In the beginning we were merely a handful of online traders who got to know each other on TradeMe's message boards. We were all regular users of TradeMe and a few of us were pretty helpful when it came to advising other traders when trades had gone wrong.

 Rolex scam In 2003 we became concerned at a rising number of large scale scams - brand new plasma teles at less than half price, cheap cellphones, bargain laptops - which were being posted on the site. With a little detective work we traced the majority of these scams to a group of Romanian fraudsters. This same group had recently been expelled from eBay and had turned their attention to smaller auction sites around the world.

Initially we used TradeMe's message boards to warn other traders. There we'd gather enough support to "vote off" the scams. This went on for months and began to occupy a lot of our spare time.

Sick of identifying up to fifty fraudulent auctions being listed on TradeMe every day by this Romanian gang, our core team used TradeMe's message board to suggest a method of preventing scams from being listed. Over the next month the thread attracted hundreds of posts but produced no valid response from TradeMe.

Mar 2004 - The ScamBusters' Strike


On March 1st the ScamBusters declared a strike. We continued to identify scams but no longer posted them on the message boards. We set up an alternative forum to coordinate our activities.

We continued to use TradeMe's message boards to make people aware of how many scams were running each day, without listing them individually. But TradeMe's management still refused to get involved and ordinary kiwis continued to get ripped off.

So on May 1st we called off our strike and began listing individual scams on the message board once again. That's when all hell broke loose.

May 2004 - Back to work


 Marina's scam threads On the first day ScamBuster Marika3 posted 13 scams and was promptly disabled from posting on the message boards by TM management. The next day DigiDog posted four more scams and was disabled. Day 3 saw more ScamBusters killed off - Mings posted four warnings while Foggyone and ChinaQT hadn't posted any! Clivehill somehow managed to survive the inquisition for a couple of months until he received a personal and rather childish email from Sam Morgan saying "You piss me off" and he was promptly banned as well. TradeMe had made the ill-fated decision that the word "scam" would not feature anywhere on their site.

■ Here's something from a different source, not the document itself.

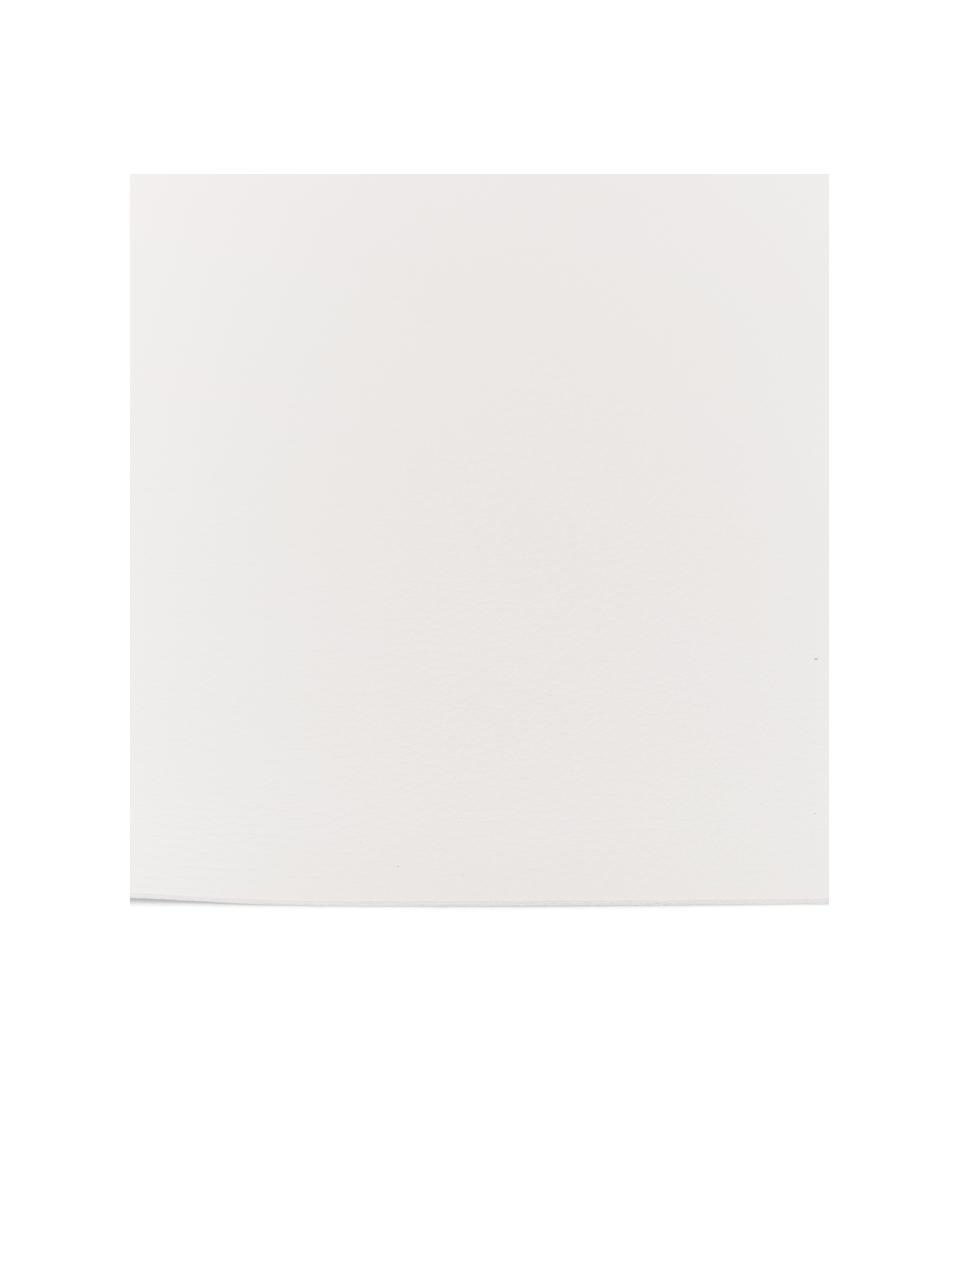 Tovaglietta americana in similpelle Pik 2 pz, Materiale sintetico (PVC), Bianco, Larg. 33 x Lung. 46 cm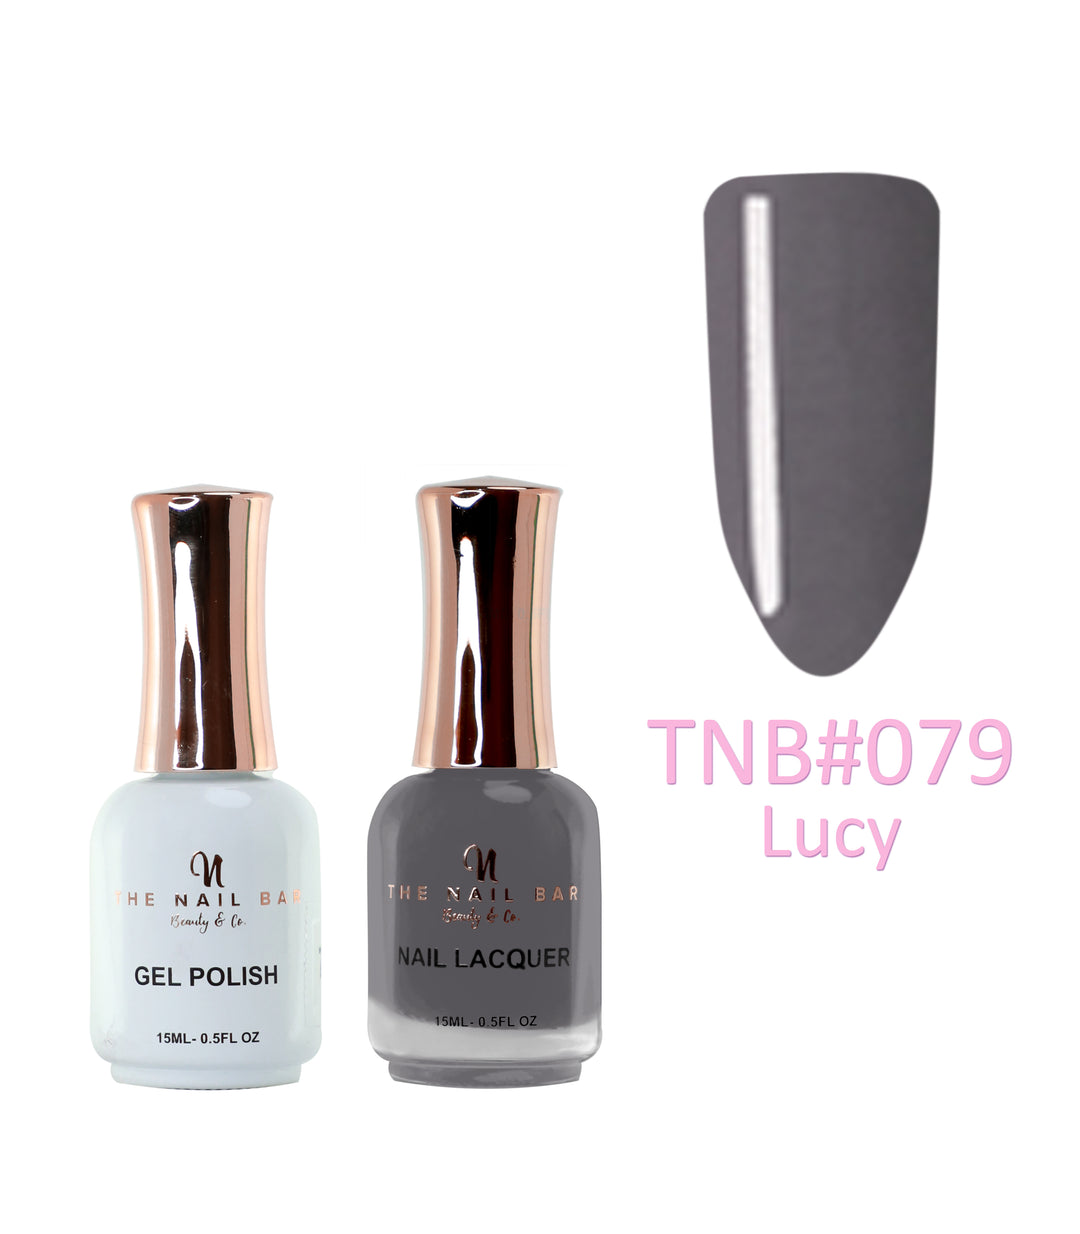 Dual Polish/Gel colour matching (15ml) - Lucy - The Nail Bar Beauty & Co.

Dozens of volunteers came forward and offered to walk the plank on our behalf - a big thanks to those kind people who lost their message board rights for making others aware of scams.

In a rare appearance on the message boards TM manager, Nigel Stanford announced that the ScamBusters had been warned before being banned from the MB. That was untrue.

Only one of our team received an email explaining why she had been "temporarily suspended" - er... banned! TM never bothered to reply to the rest of us. Customer service = nil.

Nigel claimed we had been "spamming" the message boards. So just how many posts constitutes spamming? Marika's thirteen? Alfie and Katharine's four? Or Peter's... er... ZERO? It's pretty obvious that Nigel didn't major in either maths or logic.

When asked how long the ScamBusters would be in exile he replied, "I'd say it's unlikely that they will be returned." That's one way of silencing your critics. Unfortunately it didn't make the scammers disappear.

The ScamBusters believe that anyone who deliberately and cynically sets out to scam others deserves to be exposed. We also believe that TradeMe management have an ethical responsibility for their membership and that they should take action to remove these scams from their site.

TradeMe's overtly heavy-handed action in banning our core team and arbitrarily removing all references to scams on the message boards led directly to the creation of this site. A decade later it has proved to be a valuable resource as well as a venue for open discussion. Thanks, Nigel and Sam - we wouldn't have done this without your inspiration!


As you've read this far, click here for a final word from Sam Morgan - his last line is a killer!

    Learn about typical scams on TradeMe...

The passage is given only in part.